When looked at from this perspective, a strong case can be made in favour of characterising the 2019 Amendment to the PMLA as being “clarificatory” in nature. The legal issue or the error which the 2019 Amendment sought to address is the divergent views amongst various High Courts regarding the independent nature (and as a consequence, the “continuing” nature) of the offence of money-laundering. An amendment promulgated to rectify and cure such divergence has been characterised in the past to be “clarificatory” [See Commissioner of Income Tax, Bombay v. Podar Cement Ltd.  in which there was divergence among High Courts on the phrase “owner of house property” in Section 27 of the Income Tax Act, 1961]. As stated in my previous write-up, two strands of judicial opinion crystallised over the years regarding the said issue – (1) that the offence of money-laundering is independent of the proceedings relating to the scheduled underlying offence; (2) that the offence of money-laundering is proven or disproven depending on the outcome of proceedings relating to the scheduled underlying offence. To the extent that the 2019 Amendment purports to solve this divergence, it can be said to be “clarificatory” and hence, retrospective.

However, this entire discussion can be approached from a different angle. Considering the stark change in the position of law which has been brought about by the 2019 Amendment, can it be said that the changes so brought about have a “substantive” impact?
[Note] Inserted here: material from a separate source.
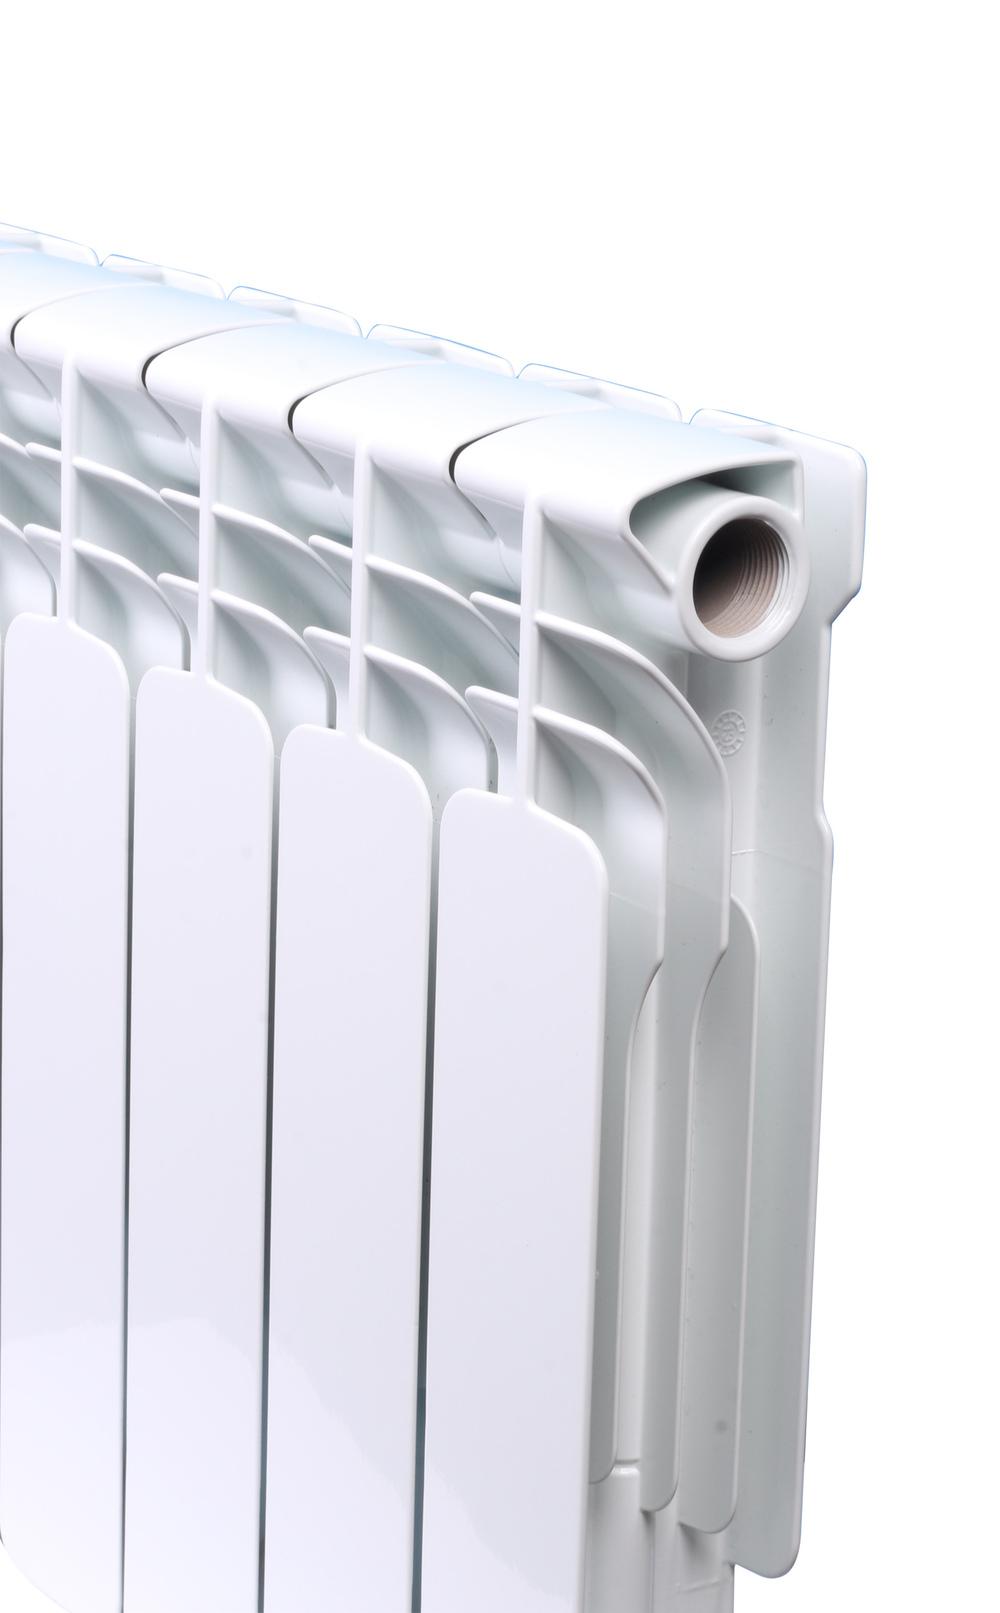 Chauffage central en aluminium radiateur chauffage bimétallique ...

Have new ingredients been added to the offence of money-laundering, which would have an impact on the way money-laundering cases are going to be viewed in the future? It would not be surprising to see practitioners characterise this Amendment as bringing in a new dimension to the offence of money-laundering and hence, characterising it as “substantive” [See Para 168 on Page 43 of the Mutual Evaluation Report, 2010 – which notes as to how practitioners in India link the offence of money-laundering to the predicate offence]. It could also be argued that since the 2019 Amendment cures such fundamental divergence in opinion among High Courts which went to the root of the very conception of money-laundering, the changes brought about are, in pith and substance, “substantive”.

While arguments can be advanced from either side, it is my opinion that the 2019 Amendment is “clarificatory” and must therefore apply retrospectively. However, we must indulge in a suspense-filled wait and watch game to see as to how courts will interpret and apply the PMLA as well as the 2019 Amendment Act.

 

[The author is a fifth-year law student at National Law University, Jodhpur.]